Jasper Jang, co-founder of Hyperbolic, describes how frustration over limited GPU access led to building Hyperbolic, an on-demand AI cloud for developers.
The conversation shifts from Hyperbolic to Jasper's experience with Math Olympiads and recent AI achievements.
Both DeepMind and OpenAI have recently claimed gold medal-level performance at the International Mathematical Olympiad (IMO).
OpenAI's announcement came via social media, while DeepMind required additional verification from the competition organizers before confirming their results.

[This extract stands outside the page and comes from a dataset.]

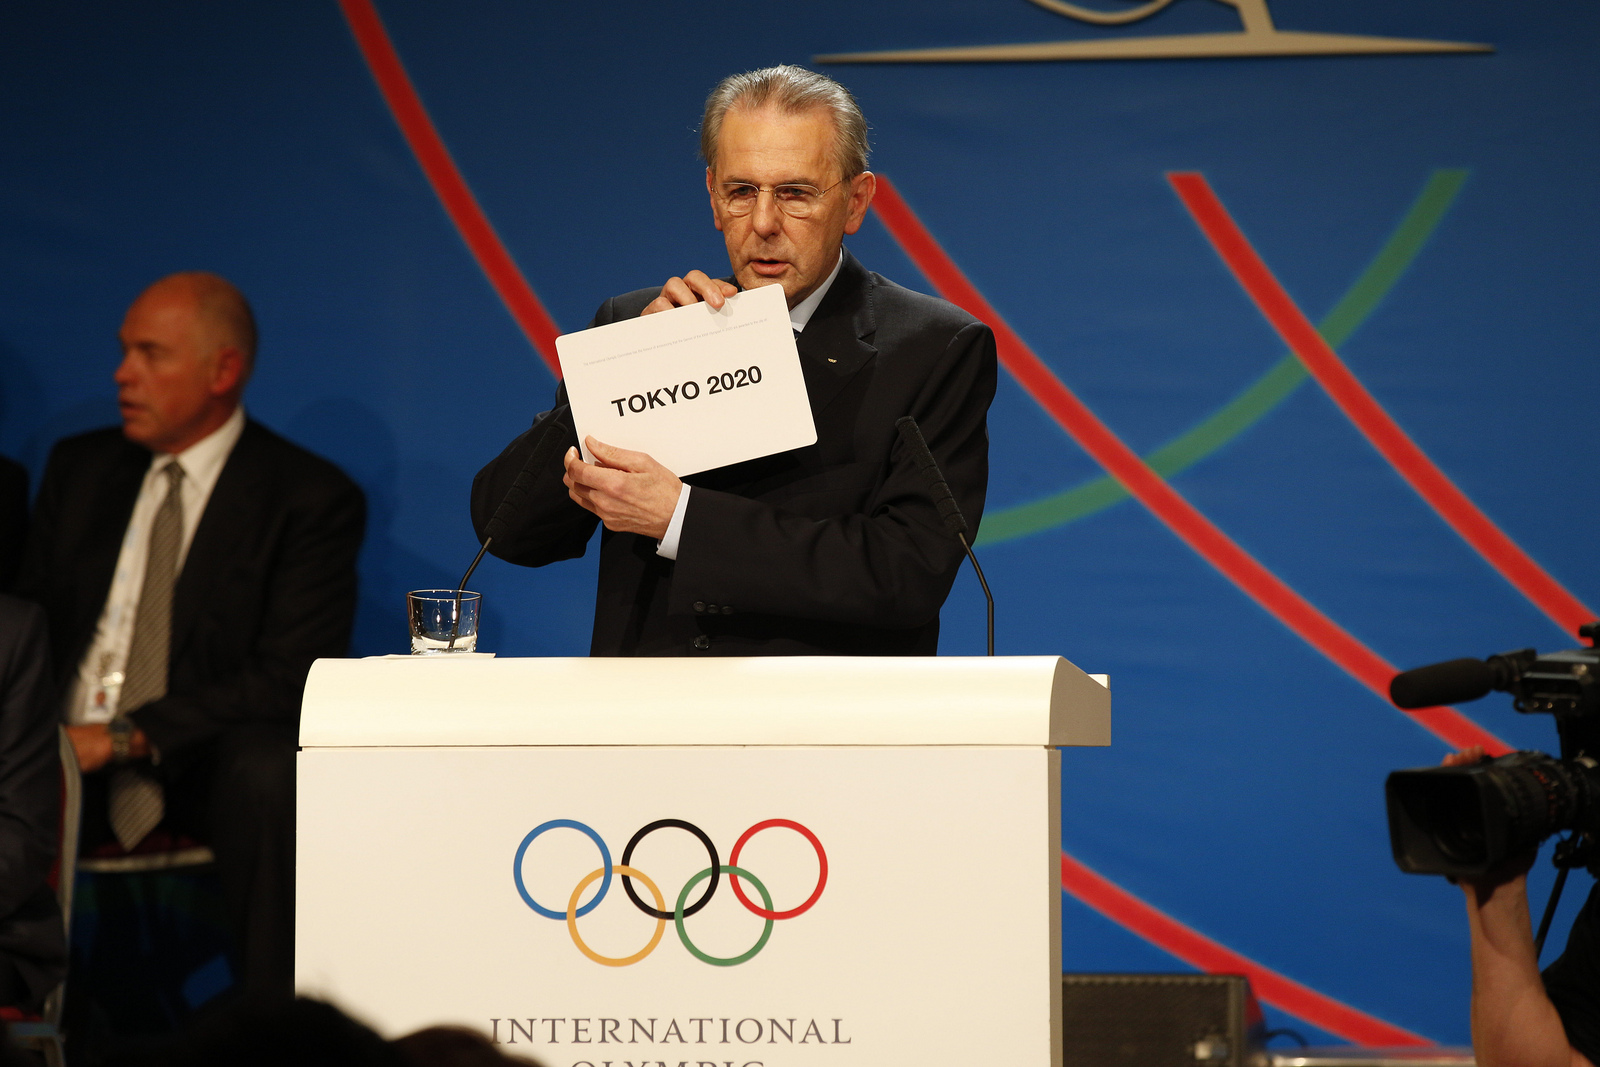 Jacques Rogge announces Tokyo as the host of the 2020 Summer Olympics

OpenAI did not officially participate; instead, they used IMO problems and had their solutions reviewed by former IMO medalists.
DeepMind's claim was officially verified by the competition.
IMO is a prestigious high school mathematics competition focused on combinatorics, number theory, geometry, and algebra, emphasizing problem solving over advanced knowledge.
Achieving gold medal level in IMO is considered a major milestone for AI, indicating advanced reasoning abilities.
Last year, DeepMind's approach with formal verification systems like Lean achieved a silver medal; this year, both Google and OpenAI succeeded with language model (LM) reasoning, moving away from formal proof languages.
Previous AI solutions could take up to 60 hours for some problems, far exceeding the human time limit of 4.5 hours; recent advances have dramatically reduced solution time.
Different IMO problems test varied skills: problem one often focuses on combinatorial geometry and case analysis, which AI models managed to solve using reduction strategies.
AI solutions sometimes approach problems differently from humans but can still produce valid answers.
While IMO tests logical problem solving, it does not evaluate deeper mathematical creativity or capability in advanced research.
The most difficult (sixth) problem usually remains unsolved by both AI and many humans, primarily requiring higher-level creativity and experimentation.
Past bench-marking shows AI struggles most with combinatorial creativity and constructing counterexamples.
Limitations of Current AI and Benchmark Improvements 15:00
Current benchmarks focus on competition problems and do not comprehensively evaluate true mathematical ability, such as conjecture formulation or advanced creativity.
Jasper is involved in a project to create a new, more holistic benchmark, breaking down mathematical expertise into categories: knowledge and understanding, problem solving and communication, learning/meta-skills, creativity, and intuition.
Collaboration between mathematicians and AI researchers is emphasized as key to developing effective measures and reward functions for creativity.
Lean, Natural Language, and Proof Verification 23:29
AI models can approach mathematical proofs either with natural language or formal systems like Lean.
Natural language outputs are easier to generate and interpret but harder to verify.
Formal systems like Lean offer clearer verification but currently lack large training datasets.
Both approaches are expected to advance, with parallel efforts in expanding Lean data and in improving language model capabilities.
There are ongoing projects, such as Kevin Buzzard's attempt to formalize the proof of Fermat's Last Theorem in Lean.
Breakthroughs and Scaling in AI Math Performance 27:21
There is speculation about the nature of the breakthroughs achieved by OpenAI and DeepMind, with mentions of larger-scale training, better data, and advances in multi-step reasoning (e.g., parallel idea exploration, improved reinforcement learning).
Significant performance gains, such as reducing solution time from 60 hours to under 4 hours, suggest more than just scaling—new ideas for efficiency and reasoning are likely involved.
Recent Gemini model tests showed that both curated and non-curated versions achieved high performance, strengthening confidence in results.
Future Directions and Milestones for AI in Mathematics 31:32
Current benchmarks are compared to exams; the real test for math-capable AI is making breakthroughs in genuine open problems.
The ultimate aspiration is for an AI to generate new mathematical theories or solve long-standing open problems, potentially winning a Fields Medal (the highest prize in mathematics).
The conversation closes with an invitation to further explore and solve IMO problems together.